Entertainment
Yes, A Student Reporter Really Helped Uncover The 'Bad Education' Scandal
The town of Roslyn prided itself on being the best school district in Long Island. Under the charming leadership of superintendent Frank Tassone, the quality of Roslyn's public education was nationally renowned. So it came as quite a shock in 2004 when Tassone, as well as other members of his inner circle, were indicted in an $11.2 million dollar larceny scandal. HBO's Bad Education, written by Roslyn alum Mike Makowsky, tells the story from the perspective of student reporter Rachel Bhargava (Geraldine Viswanathan). But Is Bad Education's Bhargava based on a real person? Her real-life counterpart broke the real story behind Pamela Gluckin's (Allison Janney) firing, which tipped people off to Tassone's involvement in the scandal.
Bhargava is a stand-in for Rebekah Rombom, a Roslyn High School student with close ties to the scandal. In the early 2000s, Bhargava was one of the two editors-in-chief of the school's newspaper, The Hilltop Beacon.
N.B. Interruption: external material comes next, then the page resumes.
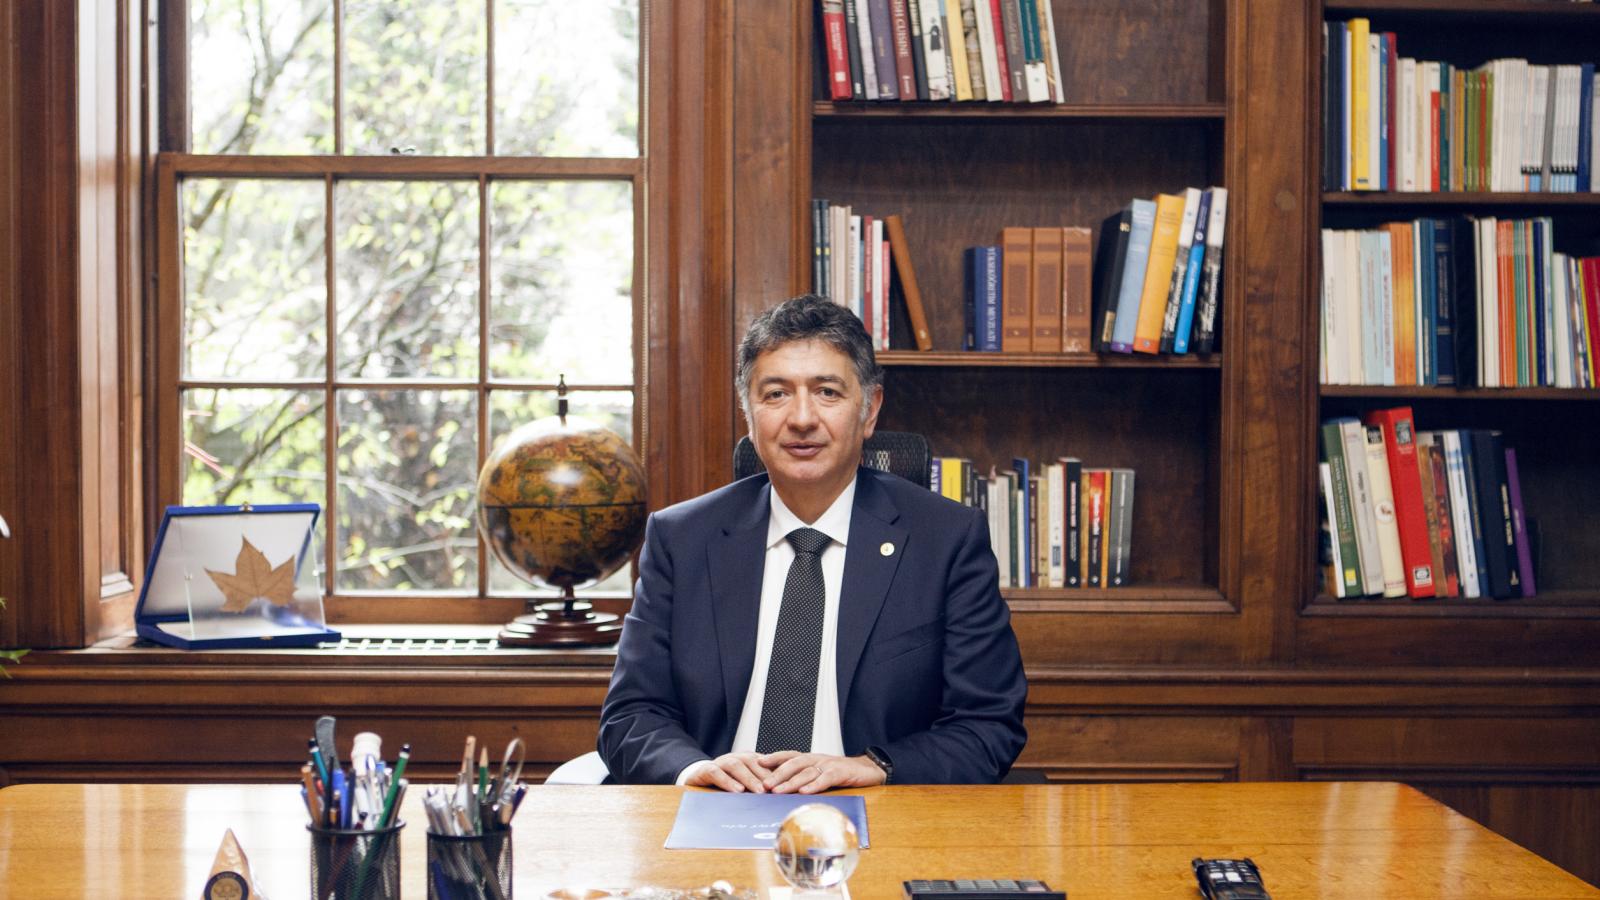 Professor Mehmed Özkan Starts His Term as President of Bogazici University

According to a 2004 New York Times story on Rombom, her co-editor, Sam Floam, first learned of an anonymous woman who had stolen money from the school district. But it was Bhargava who decided to investigate.
“Later that day I, too, received the same information from another source,” Rombom wrote in the Times. “Dr. Frank Tassone...had meetings with the leaders of several civic associations and school committees. During these meetings, he informed these individuals that an anonymous letter had surfaced containing information and allegations regarding the theft, as well as other information."
Though Rombom first thought that it all "seemed sketchy," her advisor pushed her to continue exploring the story. So Rombom decided to check out a public meeting of the Board of Education. According to Refinery29, the embezzlement claims were addressed at the meeting, which led Rombom to follow up and interview the assistant superintendent for human resources and Tassone (Hugh Jackman).
After discovering that the woman was none other than Gluckin, the former assistant superintendent of the Roslyn High School district and close friend of Tassone's, Rombom was ready to go to press. “[But] I was informed that I would not be able to use the name of the woman accused of embezzling the money," Rombom wrote in the Times. "This struck me a bit odd, since I, along with a handful of other community members already knew that she had been identified as Pamela C. Gluckin.”
Though Gluckin's name wasn't published in the paper, the story still made a major splash. According to New York Magazine, after it went to press, Newsday and other major newspapers began looking into Rombom's revelations. From there they uncovered what would become known as "the biggest school fraud case in the country."